• Work order
Excluding every picture, print exactly the lines from the one containing "摄影教程_Fstoppers-彼得·赫利(Peter Hurley)完美头像人像面部布光教程-中文字幕 摄影教程" through the end of the material below, both ends included.

• Collected material

• • • •

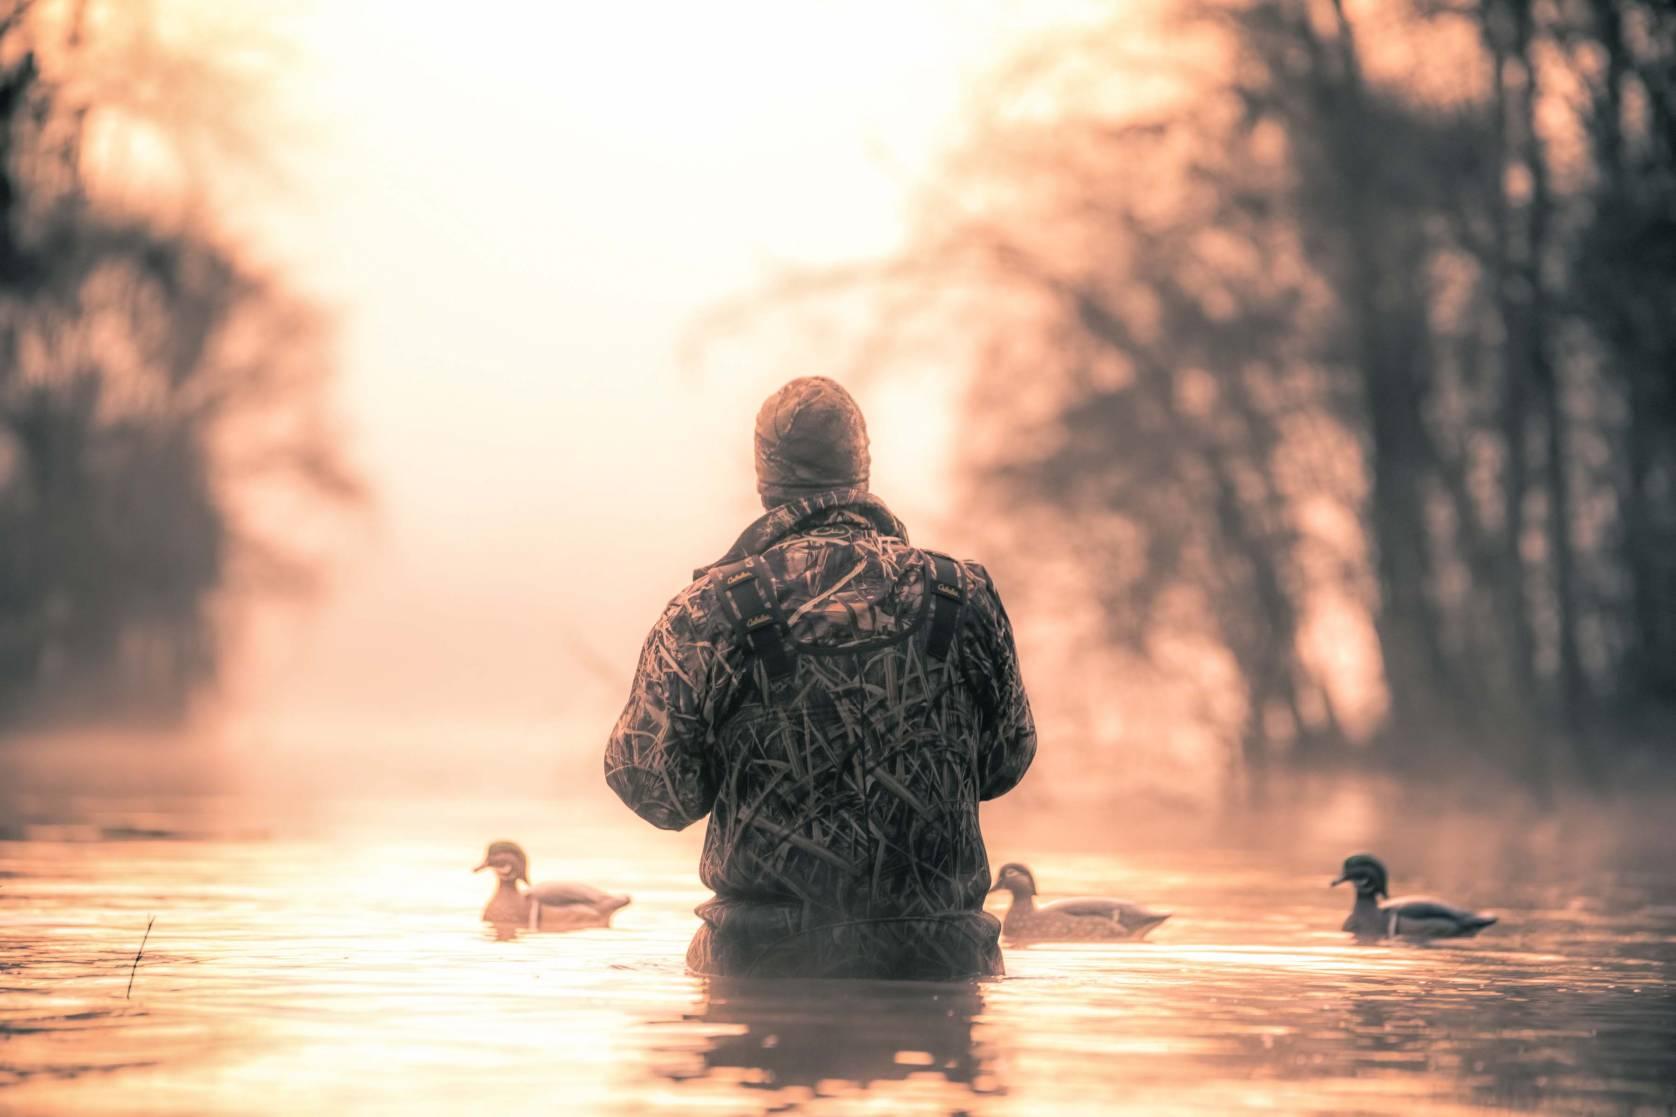 hunter decline, habitat loss
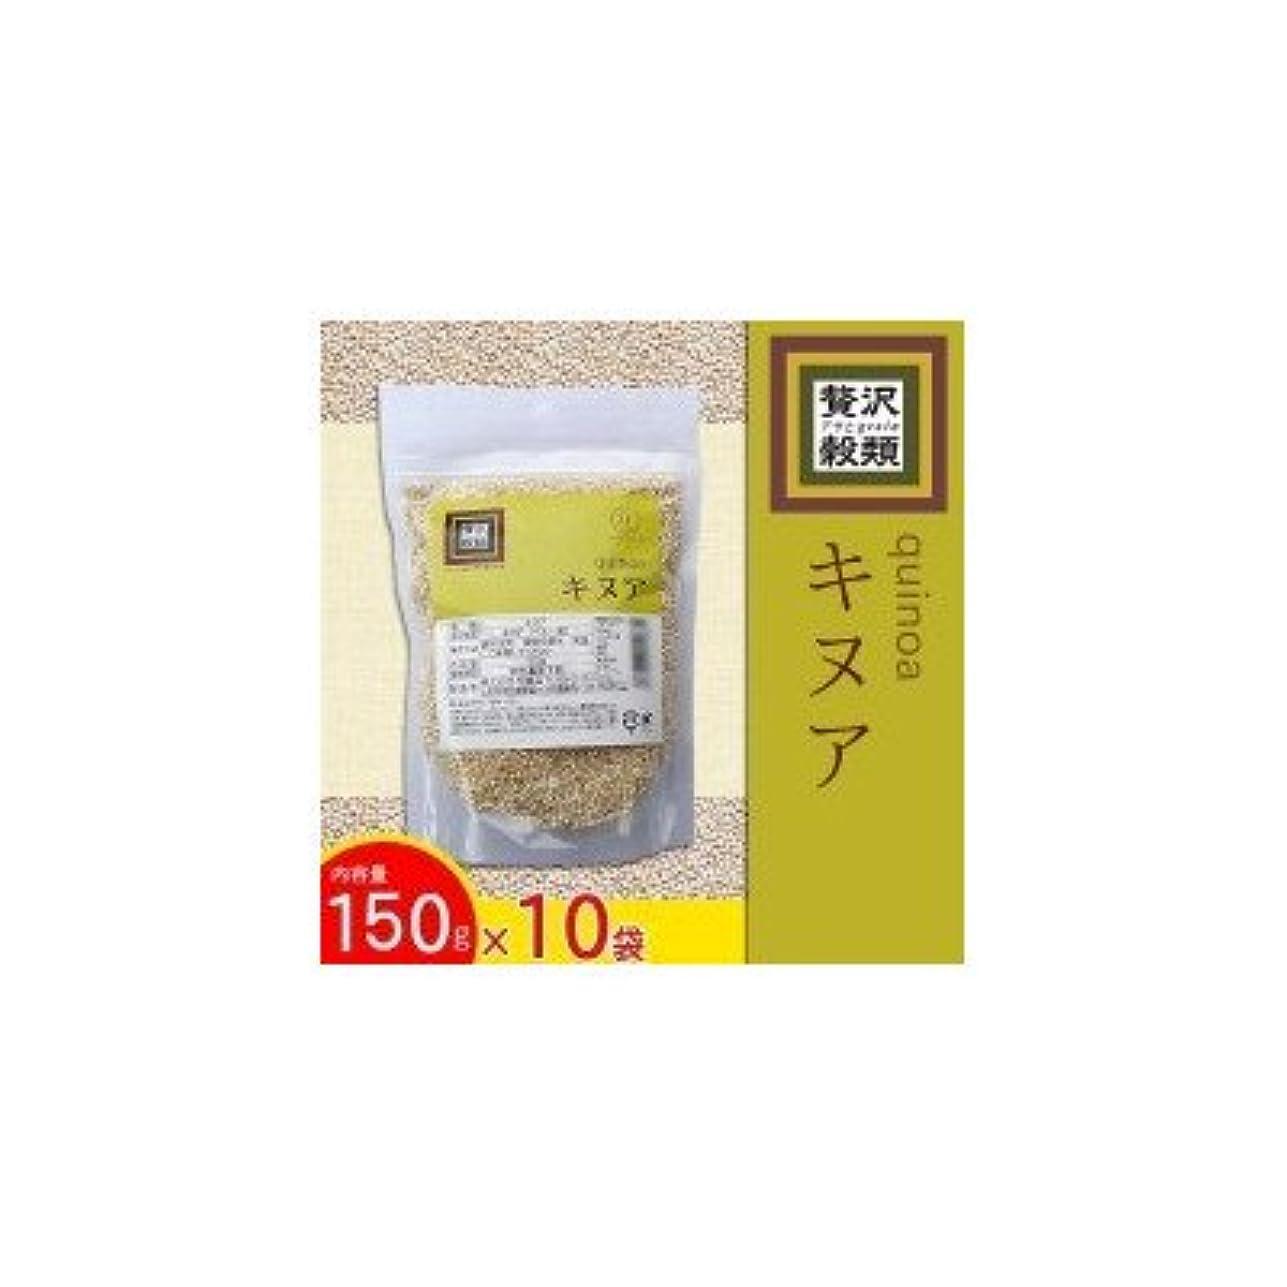 然としたカポック行動贅沢穀類 キヌア 150g×10袋
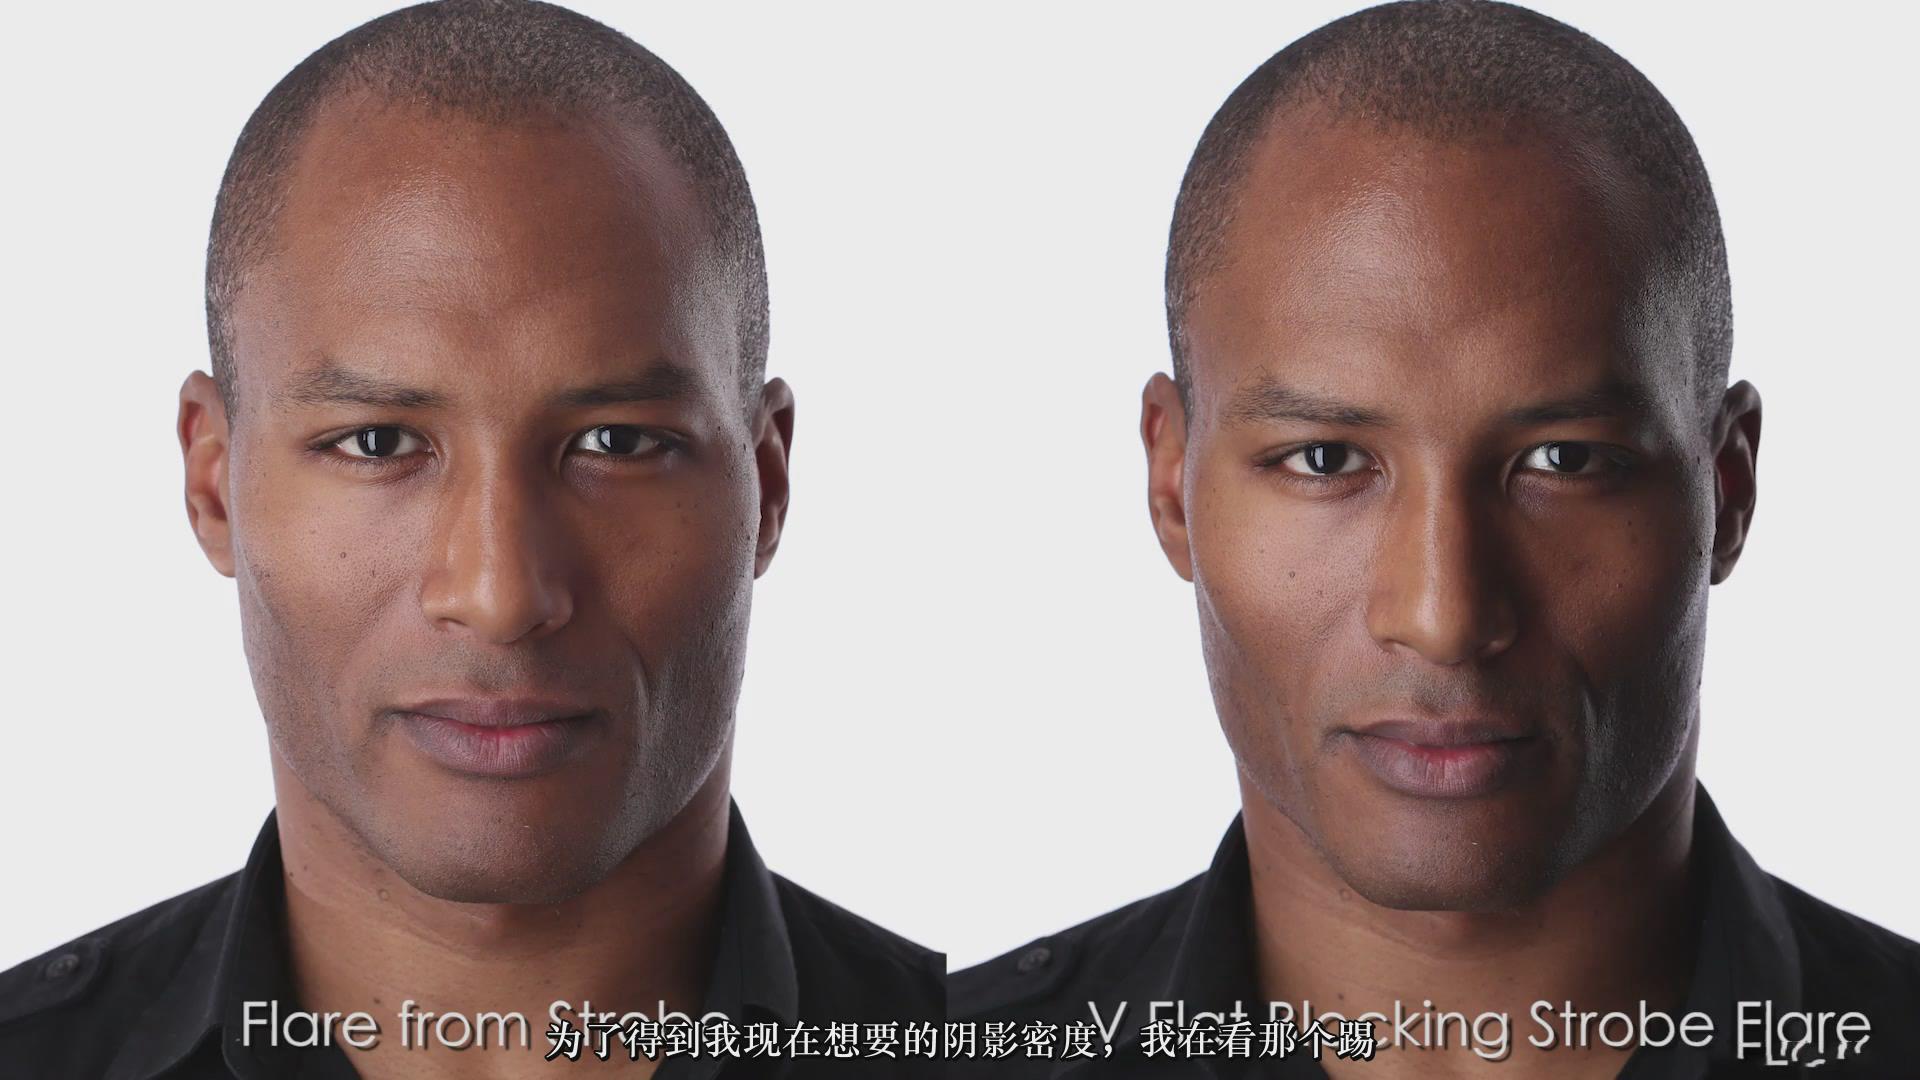 摄影教程_Fstoppers-彼得·赫利(Peter Hurley)完美头像人像面部布光教程-中文字幕 摄影教程 _预览图12
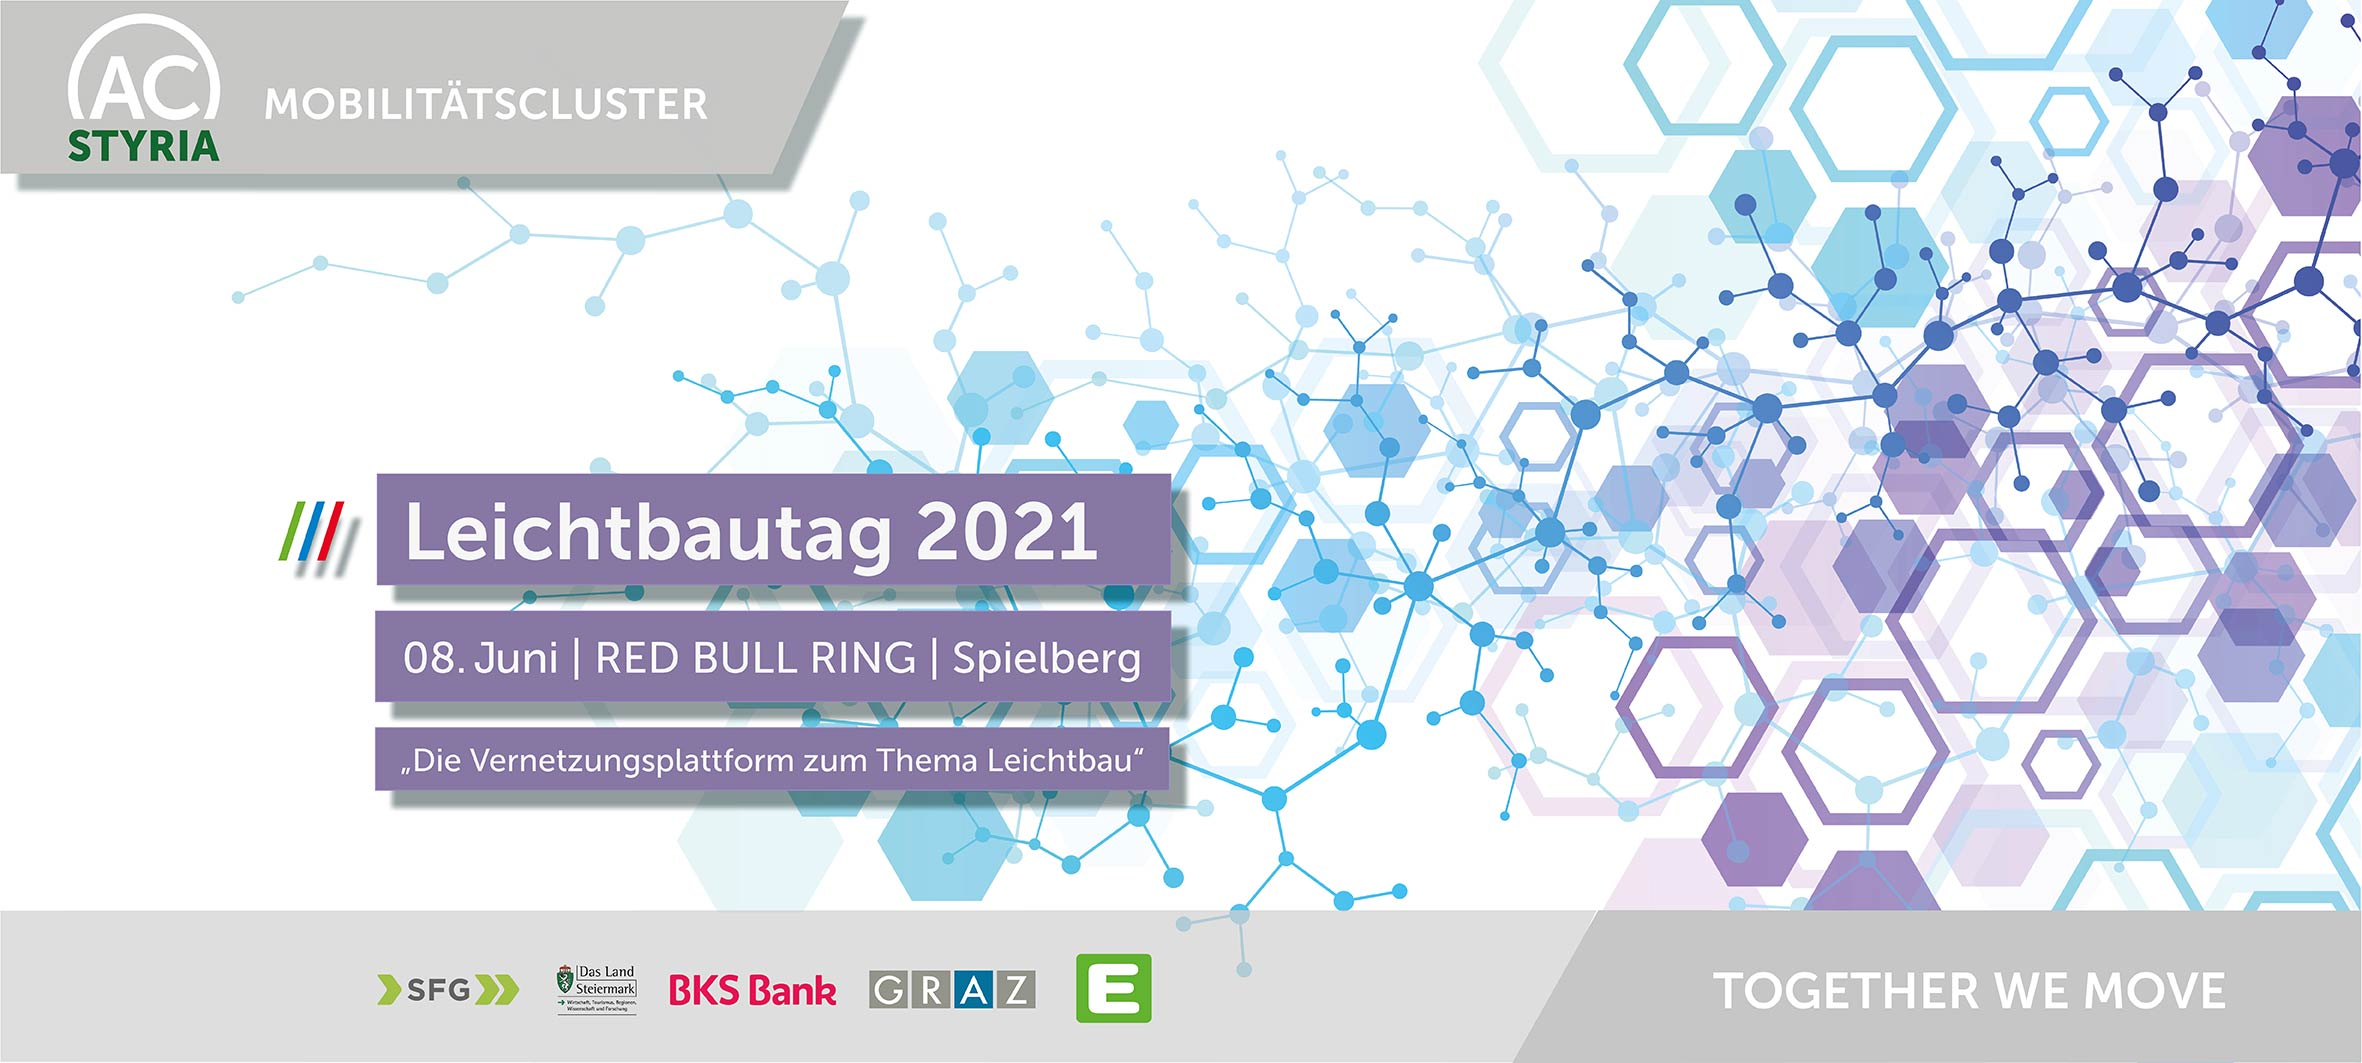 ACstyria Leichtbautag 2021

• • • •

• Solution
 摄影教程_Fstoppers-彼得·赫利(Peter Hurley)完美头像人像面部布光教程-中文字幕 摄影教程 _预览图12
 ACstyria Leichtbautag 2021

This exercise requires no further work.